"Lawyers," my brother Gus likes to say while preparing his hourly bills, "are paid to endure tedium." He doesn't add the corollary: sometimes tedious lawyers are worth every penny.
I thought about the Gus Epps rule as I read through Judge Susan Bolton's 36-page order granting a preliminary injunction against the key portions of Arizona's anti-immigrant S.B. 1070. The bill has been a flashpoint for civil-rights advocates, Latino groups, immigration restrictionists and even foreign governments. Its proponents angrily denounce illegal immigrants as disease-bearing drug smuggling degenerates; its opponents respond that the bill is designed to produce racial profiling and stigmatize Latinos, including many who are U.S. citizens by birth. Whether it's "border security" or "human equality," both sides agree that important values are at stake.
Enter the Obama administration and Judge Bolton. The Justice Department, which sought a preliminary injunction, made beyond question the most boring possible arguments against the law. In essence, it said, regulating immigration is a federal matter, and Arizona's law will make our jobs harder. If S.B. 1070 goes into effect, local cops will be grabbing thousands of people off the streets and demanding that federal officials check their immigration status right away. We won't be able to undertake any enforcement actions of our own; we'll be working for Sheriff Arpaio rather than the people of the nation.
DoJ's argument was not about the rights of immigrants, legal or illegal, or even of American citizens: it was about the federal government's prerogative to set the nation's immigration policy, and about administrative burdens on federal agencies like the Border Patrol and Immigration and Customs Enforcement.

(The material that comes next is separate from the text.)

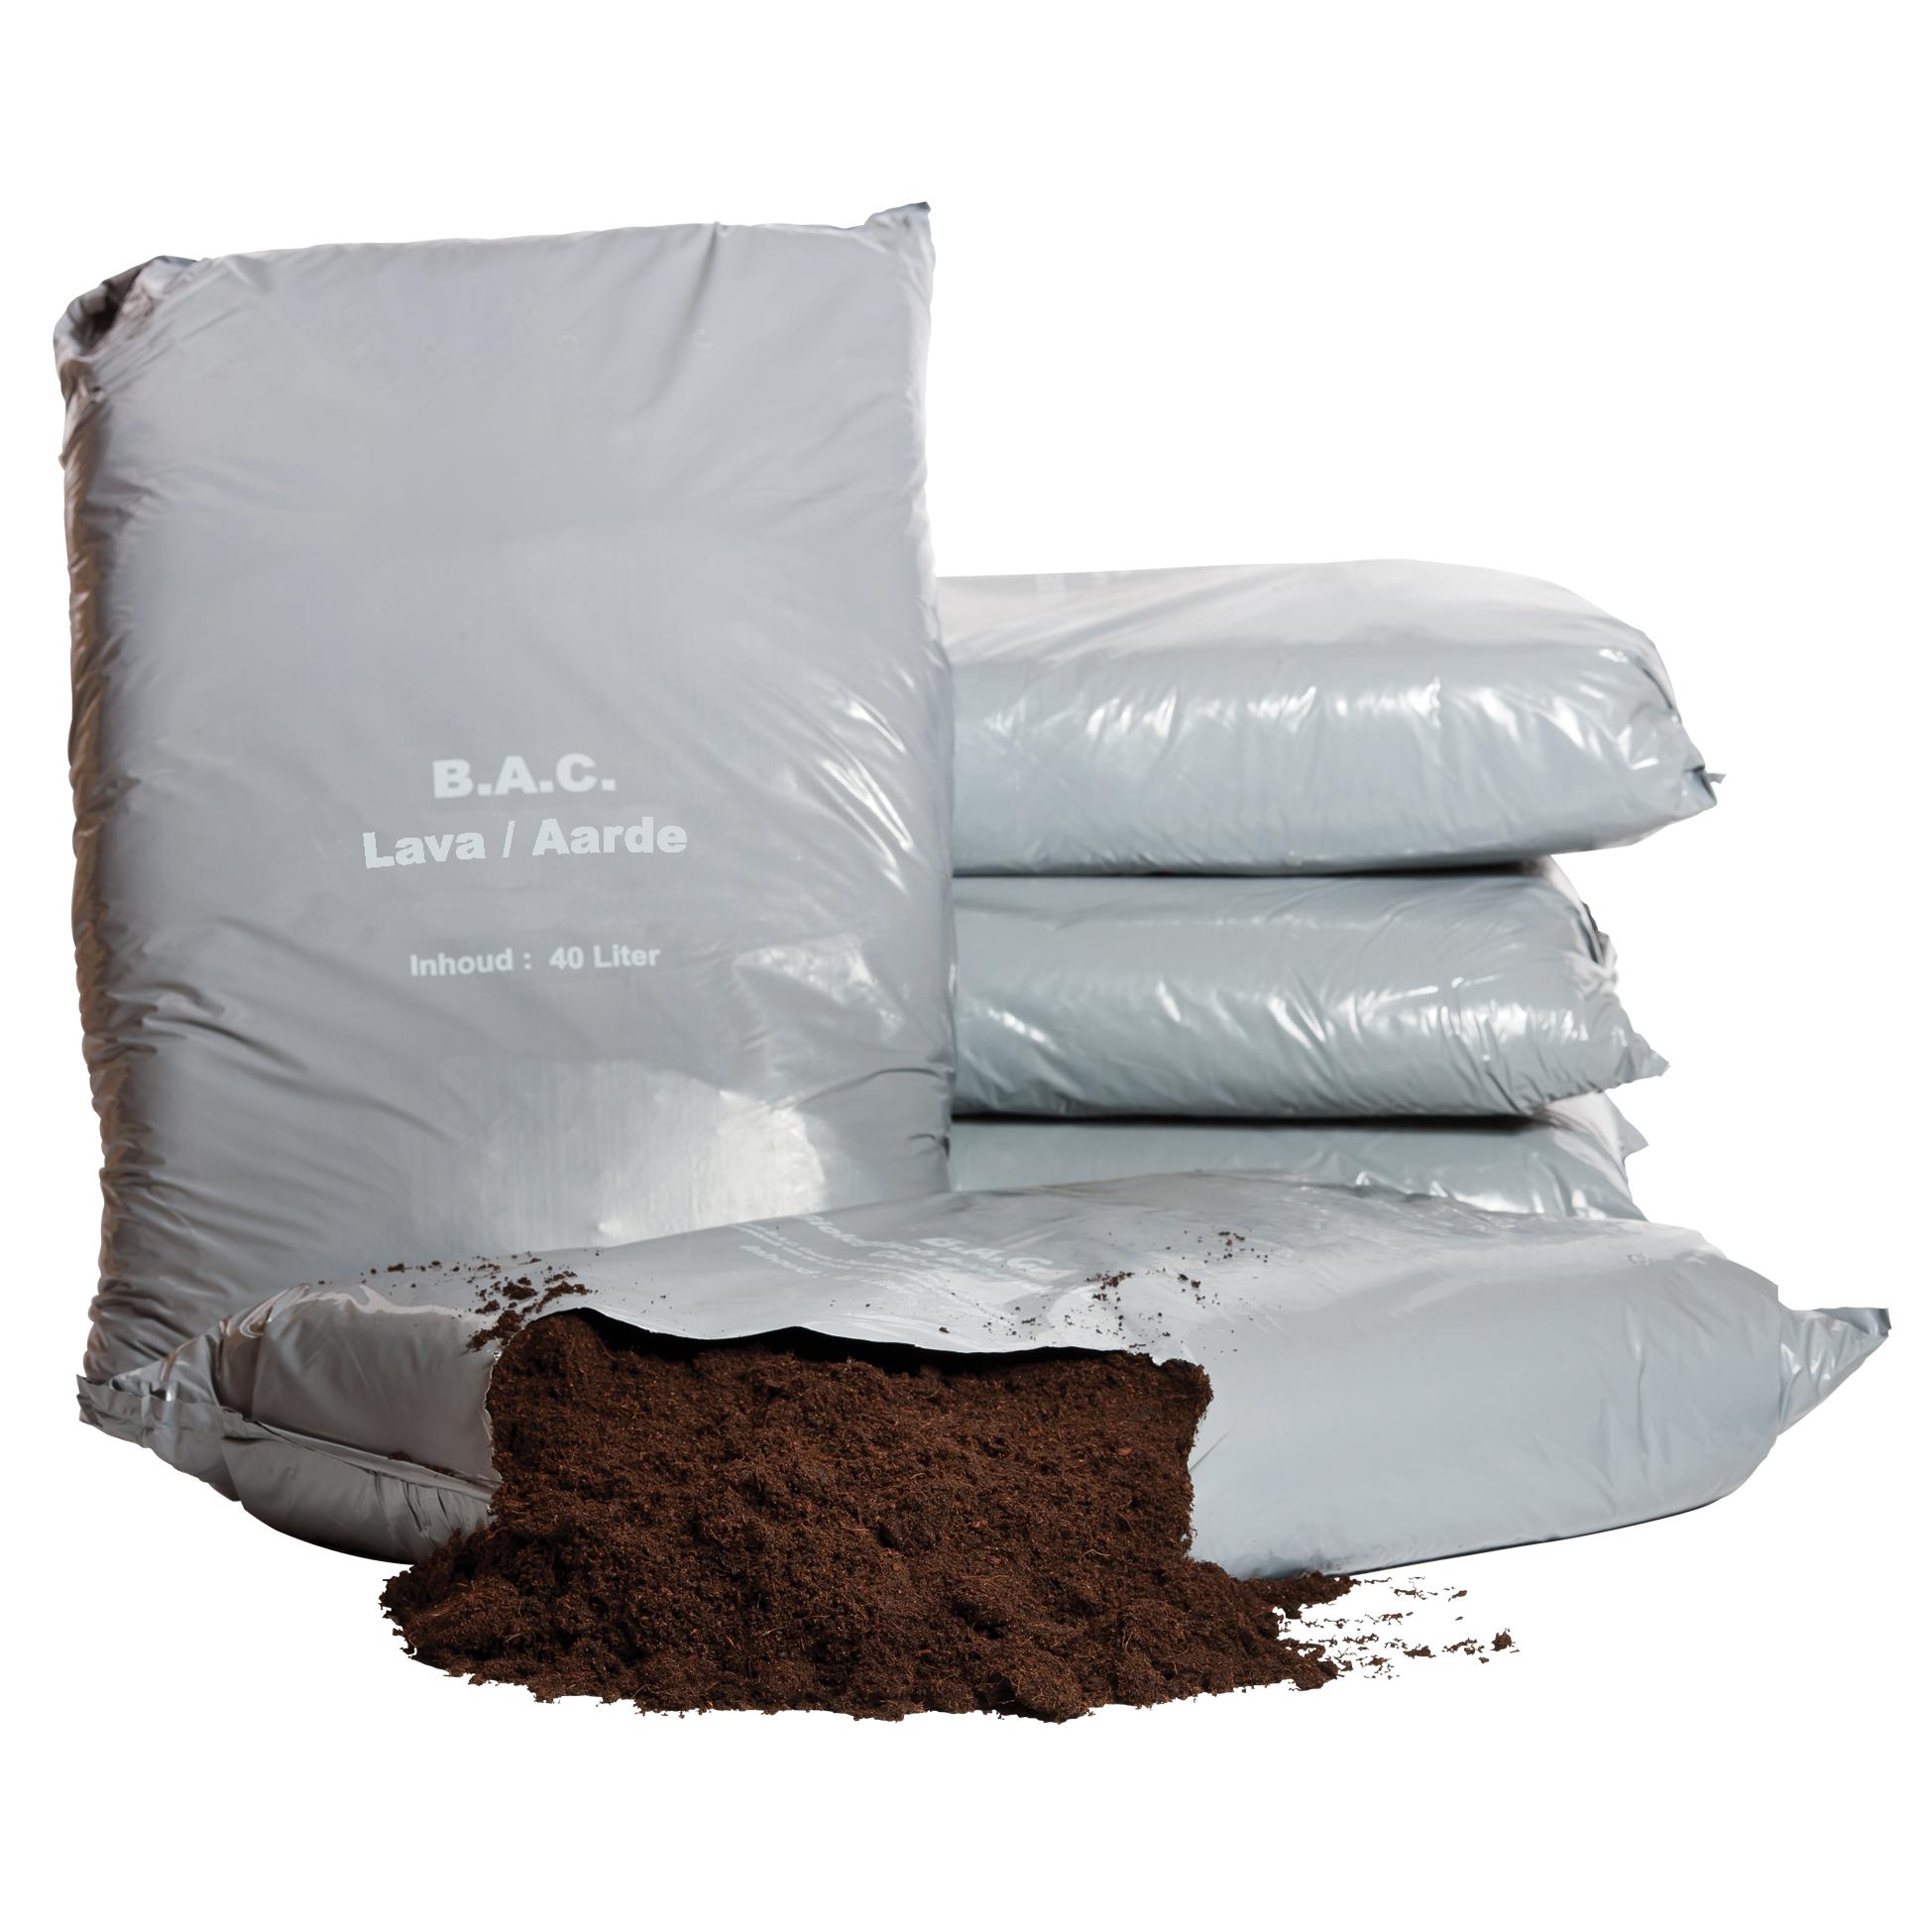 BAC - лава-грунт (40 литров)

The Judge agreed as to most of the law's key provisions. Her opinion is technical and dry. It is devoid of any reference to "racial profiling" or even "equal protection of the laws." Instead, it is full of the kind of language that often induces coma in my Constitutional Law students--"field pre-emption," "dormant commerce clause," "plenary authority," "balance of equities." (If my current students will please leave the room now, I will confess that sometimes even I have trouble remaining awake during these important but utterly stupefying portions of my Con Law I course.)
Public reaction to the boringness of the case has understandably been disappointment. They wanted WWE Raw and instead got Montesquieu's Spirit of the Laws. Writing in Salon, John Doty had confidently predicted that the Administration would lose the case, and deserved to, because it eschewed broad arguments about equality and human dignity. Writing in National Review Online, Heather Mac Donald actually found the Judge's emphasis on legal arguments a "transparent" fiction, verging on "bad faith," and suggesting the Judge was improperly in cahoots with the Administration. (If these serious charges are true, they are evidence of a delicious new strategy by "activist judges"--simply by interpreting the law and refusing to legislate from the bench, they can thwart the will of the people.)